Once you hit full draw, get on the trigger, give it a little bit of tension/preload. Settle in and keep pulling.


----------



## silverdollar77

njshadowwalker said:


> Once you hit full draw, get on the trigger, give it a little bit of tension/preload. Settle in and keep pulling.


In my short experience though it seems that "just pulling" won;t do much with a thumb release...it seems that there needs to be some contraction of the hand as well or am I missing something?


----------



## TNMAN

*execution*

Have you seen the Performance Archery video's? Episode 10 Compound Execution may provide a good explanation. http://www.performance-archery.tv/?q=node/53

Some of it is a little hard for me to understand as he is speaking English rather than *******.


----------



## JawsDad

Grip it and rip it.... well, that's how I always shot a thumb trigger.. 
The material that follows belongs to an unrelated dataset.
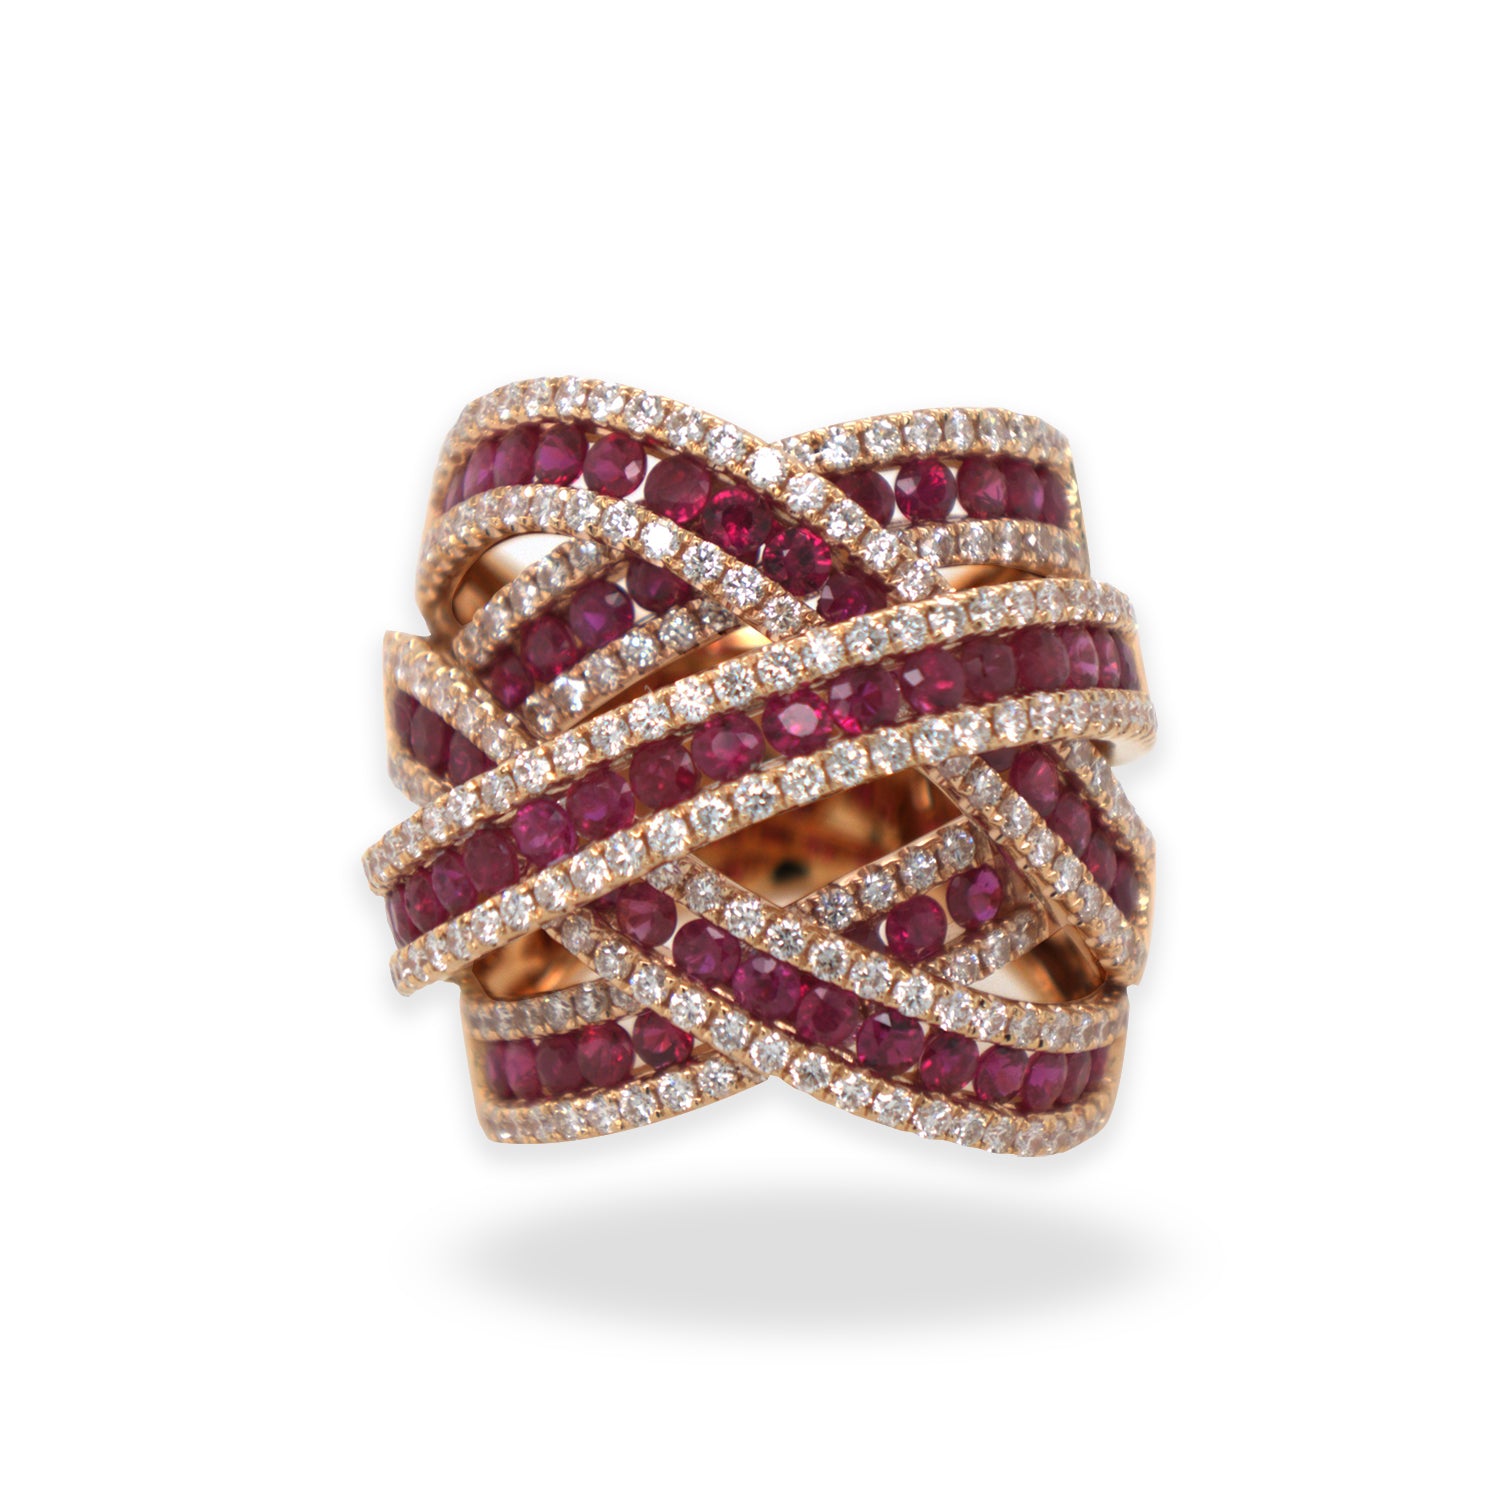 Luxury Gold, Diamond, Ruby, White Gold and Rose Gold Rings

I finally seem to be getting past it though.. After years of shooting a Carter Evolution and lately a Whalen Hooker, I think I've put my demons behind me when it comes to triggers. I've been shooting a Carter Just B-Cuz and gripping it like I would if I were shooting a 2 finger (very little to zero pressure on my ring finger). Then as I settle on the target I wrap my thumb around the trigger. I should add that I changed the standard thumb post and put a very thin post on it so that it would settle right into the fold on the middle joint on my thumb and I'm using the strongest spring in the release. Once I start to really aim, I then start putting pressure on the release with my ring finger and just start pulling through the shot like I would with my Evolution. Ultimately the shot just breaks and my thumb seems to do nothing but hang there along for the ride.
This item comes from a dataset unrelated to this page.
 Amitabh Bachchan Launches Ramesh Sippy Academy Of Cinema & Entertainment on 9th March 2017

That's the method that seems to be working for me at least.. Might not work for anyone else. :wink:


----------



## Oregonbowguy

The wife evidently took the camera so i can't take a pic but this is how i was taught, bear in mind that i literally just started shooting BT and just started with a thumb release, but it seems to be working well as i am getting the desired result which is a suprise release. I have my release buried completely in my hand. i have the thumb post adjusted so that i wrap my thing around to my index finger...basically it looks like i am making a fist while holding the release. The thumb touches the index finger at the index fingers first joint. It is running across the thumb post diagonally basically.
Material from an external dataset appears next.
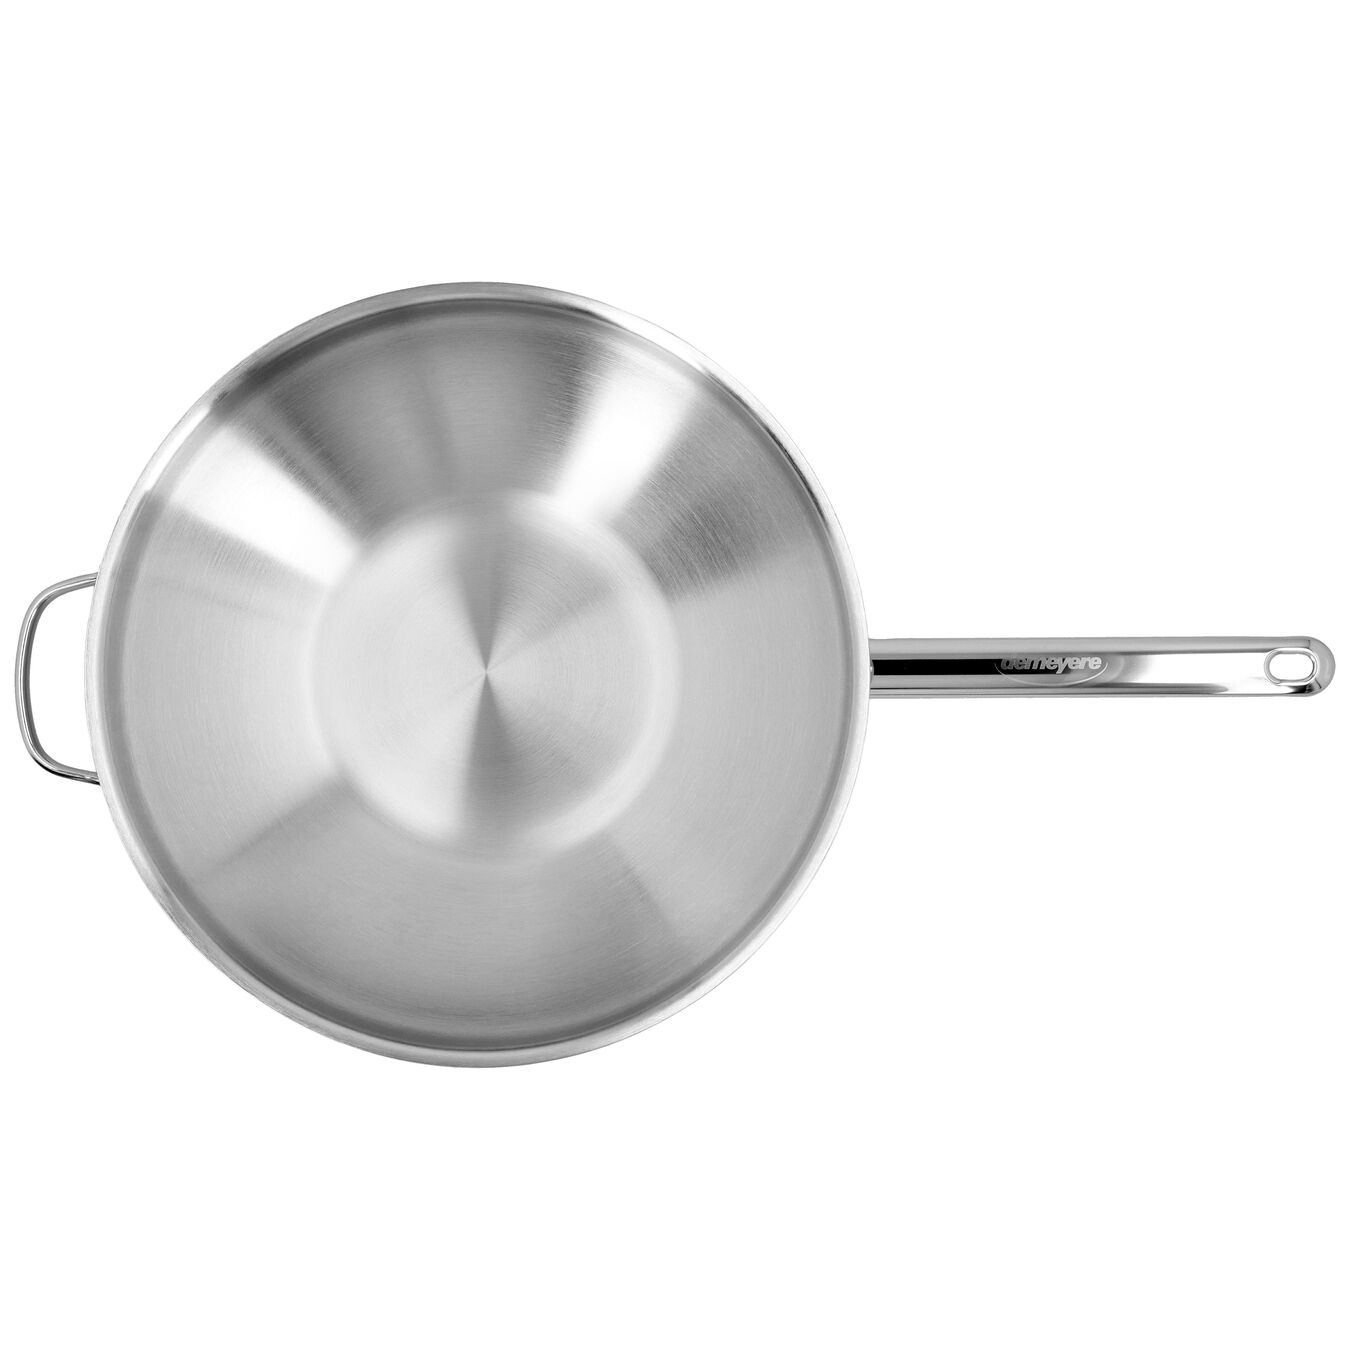 Demeyere Apollo 7 Wok with flat bottom in 18/10 stainless steel

Once at full draw and i wrap my thumb across to my index finger its pretty simple. I basically relax my trigger hand and squeeze the majic back muscle....as i am pulling my back, pulling the arm back the thumb post is forced into the thumb by the tightening tension from the string pulling the release forward. Once the pressure gets high enough then booom.....

, i have a chocolate lite and having the adjustable thumb post and spring tension allowed me to get the thumb post into a position where i could wrap my thumb around the post comfortably and the way it sits again the thumb its kind of a dead area, i really can't feel the pressure of the thumb post against the thumb.

Maybe a simpler way of looking at it is that the release is wanting to go forward because the sting is pulling it forward, the hand is wanting to go backword because your pulling it backword. somewhere in there the trigger releases.....


----------



## subconsciously

silverdollar77 said:


> ...I want to use some back tension so I focus on pulling my shoulder blades together while sort of squeezing my hand a little...trying NOT to just pull the thumb, but the whole hand.
> 
> Is this the proper way I should be learning this?


Think about it. How can you pull your shoulder blades together without pulling your bow arm left?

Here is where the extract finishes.